I used a LinkedBlockingQueue allocated with a dedicate thread for loading and generate chunks, which also calculates the lighting, water, and smoke (cellular automata), after the cycle is finished, then added to the chunk manager node, very fast and smooth loading.

My problem with multithreading is determining what can be loaded in another thread and what has to be loaded in the main thread. I know you should only render in the main thread, but it’s such a blurred line for me, I’m not sure what counts as rendering. What I currently do is calculate all the block types using a terrain generator and then in the main thread I apply the block types to a new BlockChunkControl. I feel like there’s a lot more that could be done in the loader thread but I’m not sure what.

@PewPewKapowie said: My problem with multithreading is determining what can be loaded in another thread and what has to be loaded in the main thread.

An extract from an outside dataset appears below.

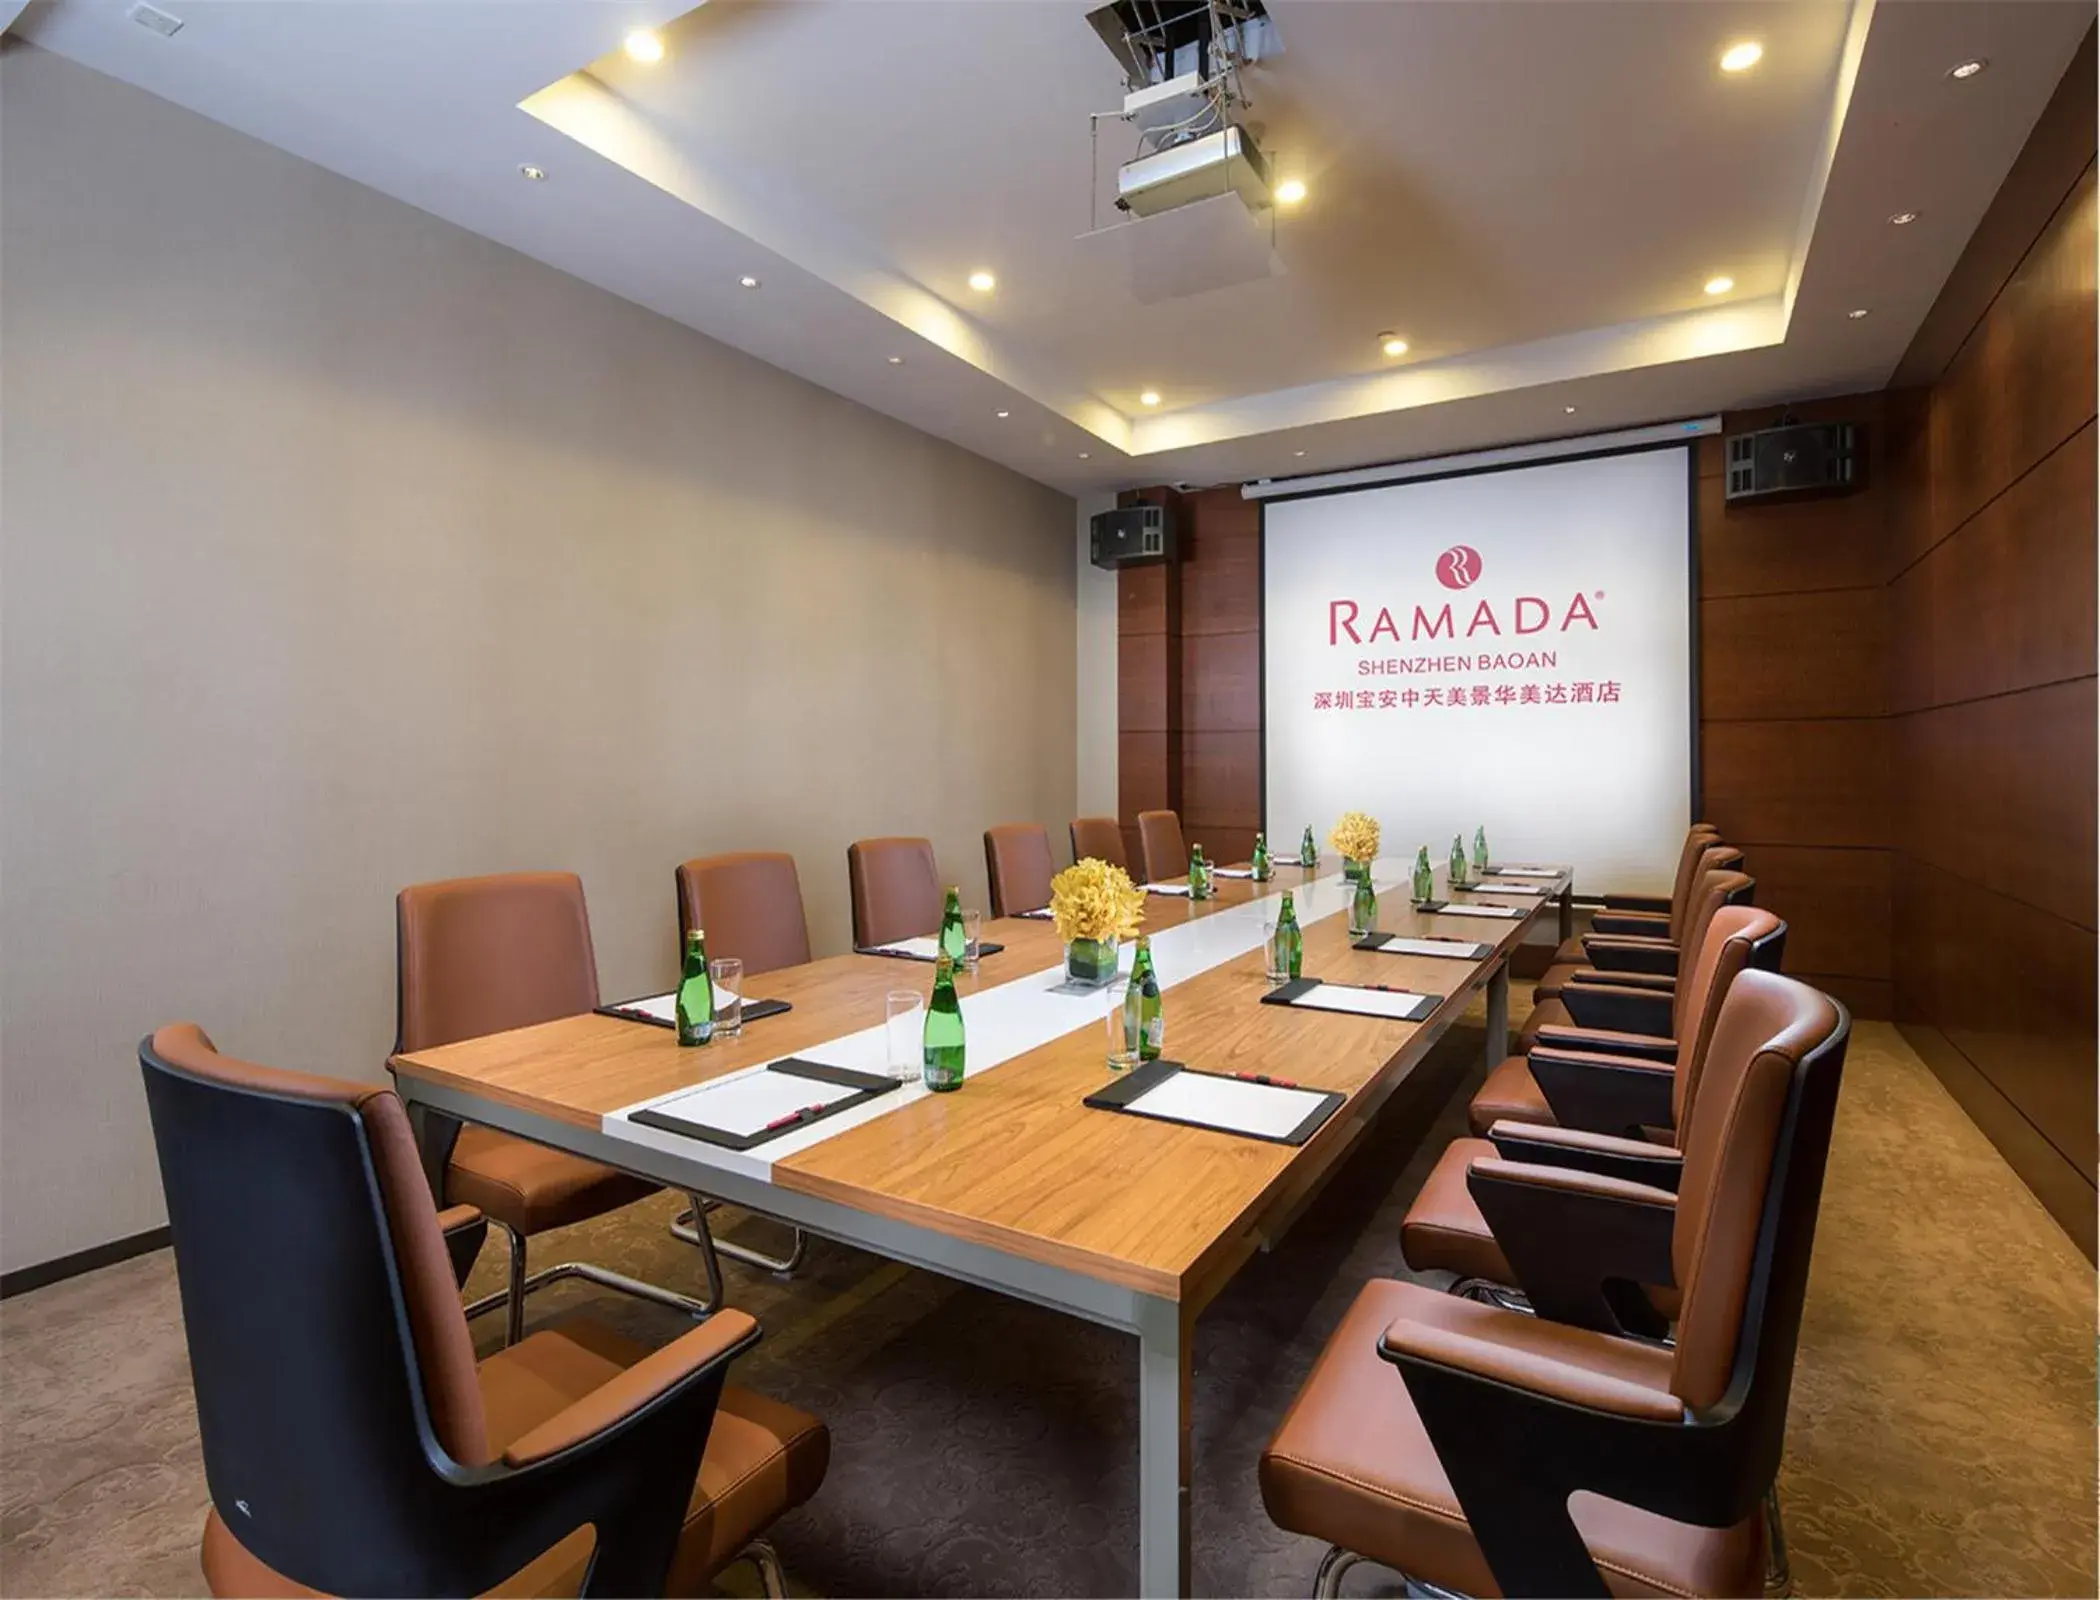 Banquet/Function facilities in Ramada Shenzhen Baoan

I know you should only render in the main thread, but it's such a blurred line for me, I'm not sure what counts as rendering. What I currently do is calculate all the block types using a terrain generator and then in the main thread I apply the block types to a new BlockChunkControl. I feel like there's a lot more that could be done in the loader thread but I'm not sure what.

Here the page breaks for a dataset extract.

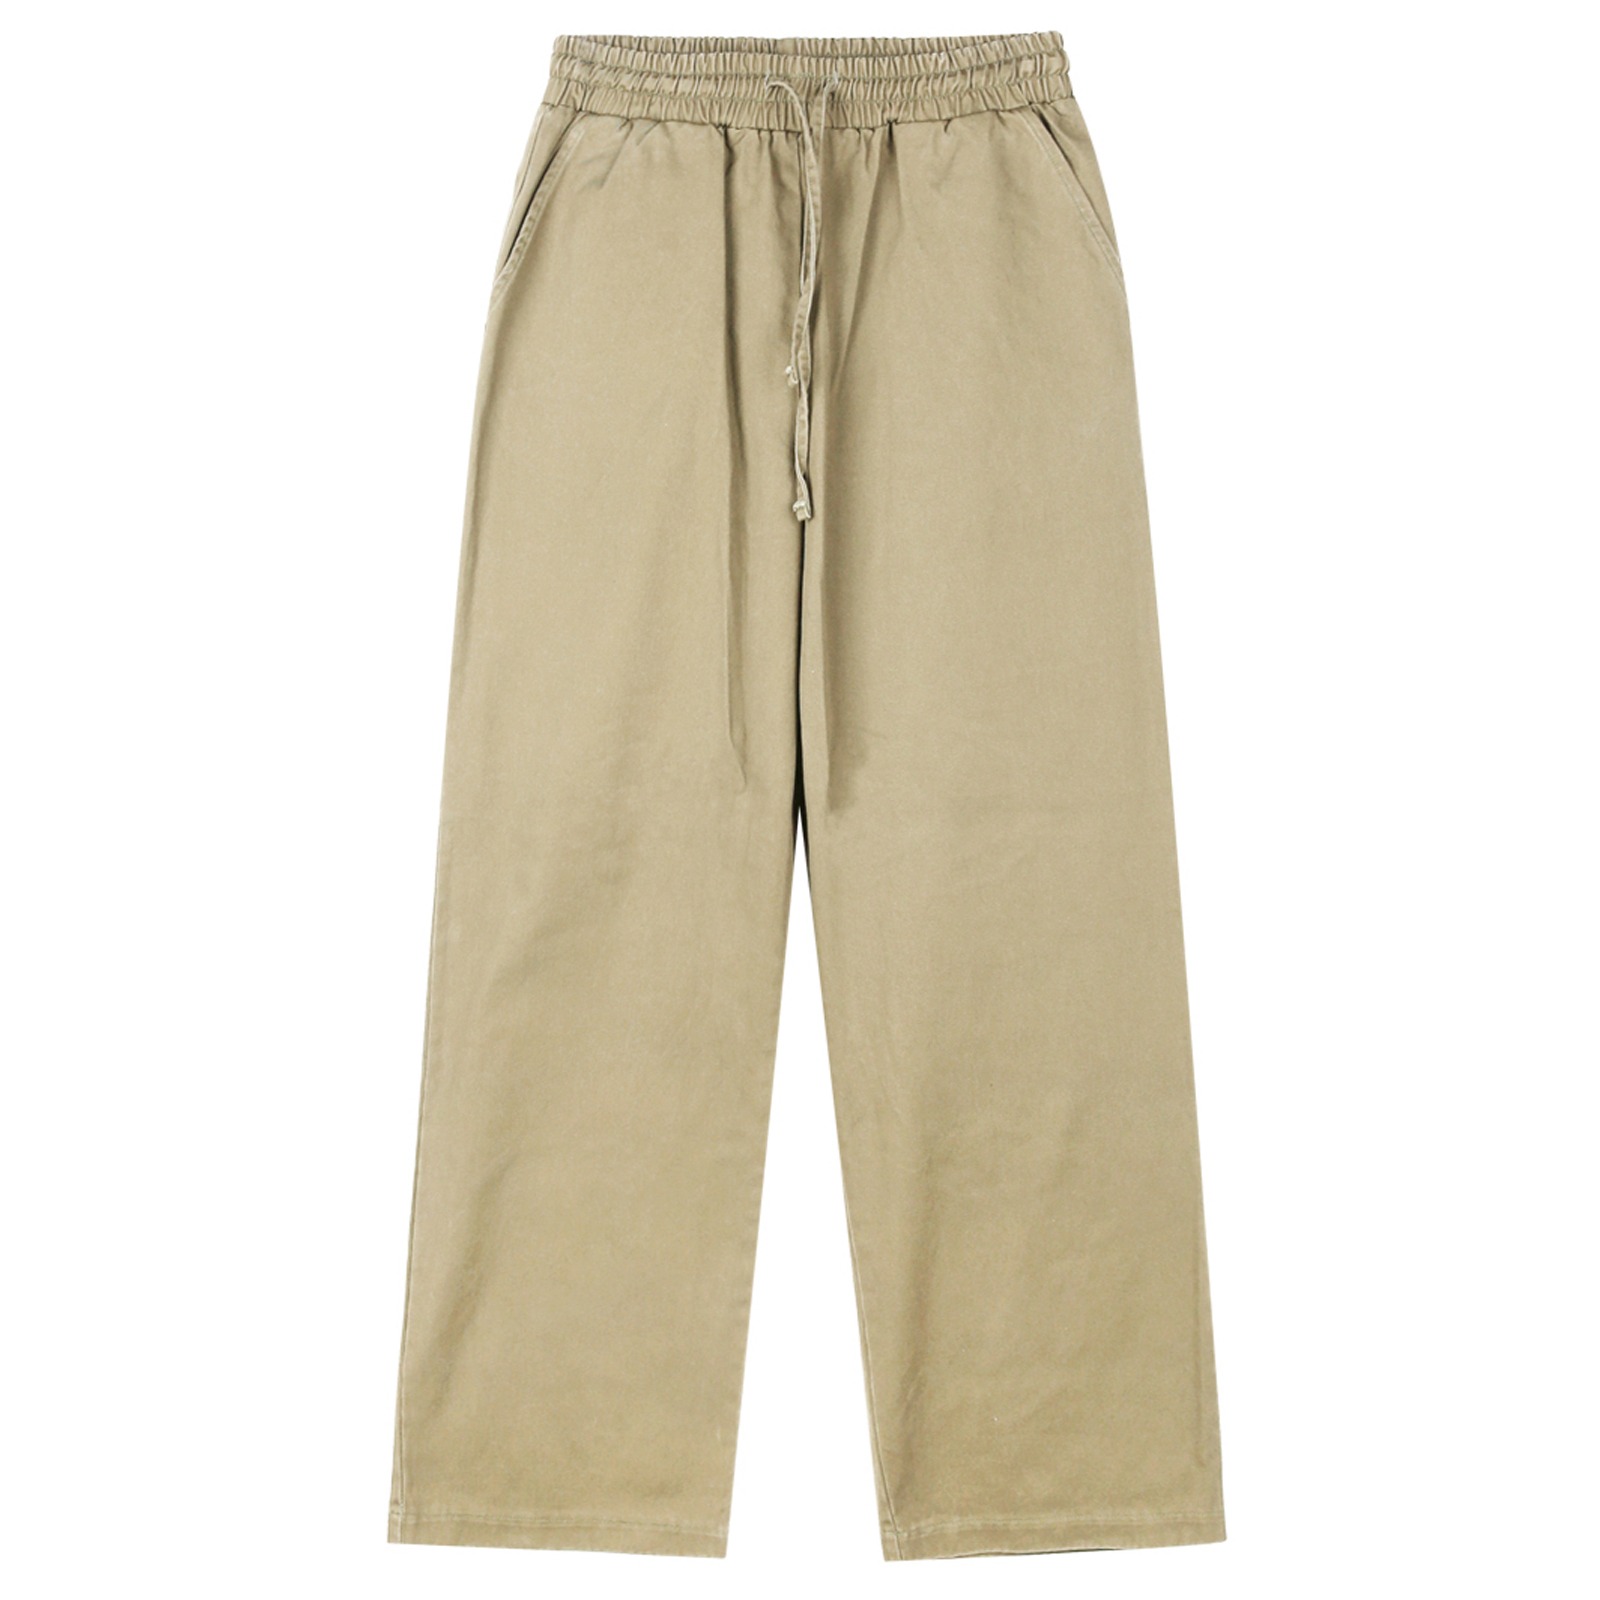 V149 wide cotton banding pants (beige)

Without knowing your design or code, forgive me if your already doing so, just throwing it out there, when you attaching the chunk to the main node, are you using app.enqueue?

[java]app.enqueue(new Callable<Spatial>() {
@Override
public Spatial call() throws Exception {
// Added node attaching code
return null;
}
});[/java]

Personally for my voxel engine only using one thread, and that is the chunk generating and loading thread.

1 Like
@lawsy said: Without knowing your design or code, forgive me if your already doing so, just throwing it out there, when you attaching the chunk to the main node, are you using app.enqueue?

[java]app.enqueue(new Callable<Spatial>() {
@Override
public Spatial call() throws Exception {
// Added node attaching code
return null;
}
});[/java]

Personally for my voxel engine only using one thread, and that is the chunk generating and loading thread.

I use a callable for the block types, but not for the spatials, I didn’t know you could do that! Thanks! Sorry I couldn’t post any of my code, I’m on my phone right now, away from my computer.

@lawsy said: Without knowing your design or code, forgive me if your already doing so, just throwing it out there, when you attaching the chunk to the main node, are you using app.enqueue?

[java]app.enqueue(new Callable<Spatial>() {
@Override
public Spatial call() throws Exception {
// Added node attaching code
return null;
}
});[/java]

Personally for my voxel engine only using one thread, and that is the chunk generating and loading thread.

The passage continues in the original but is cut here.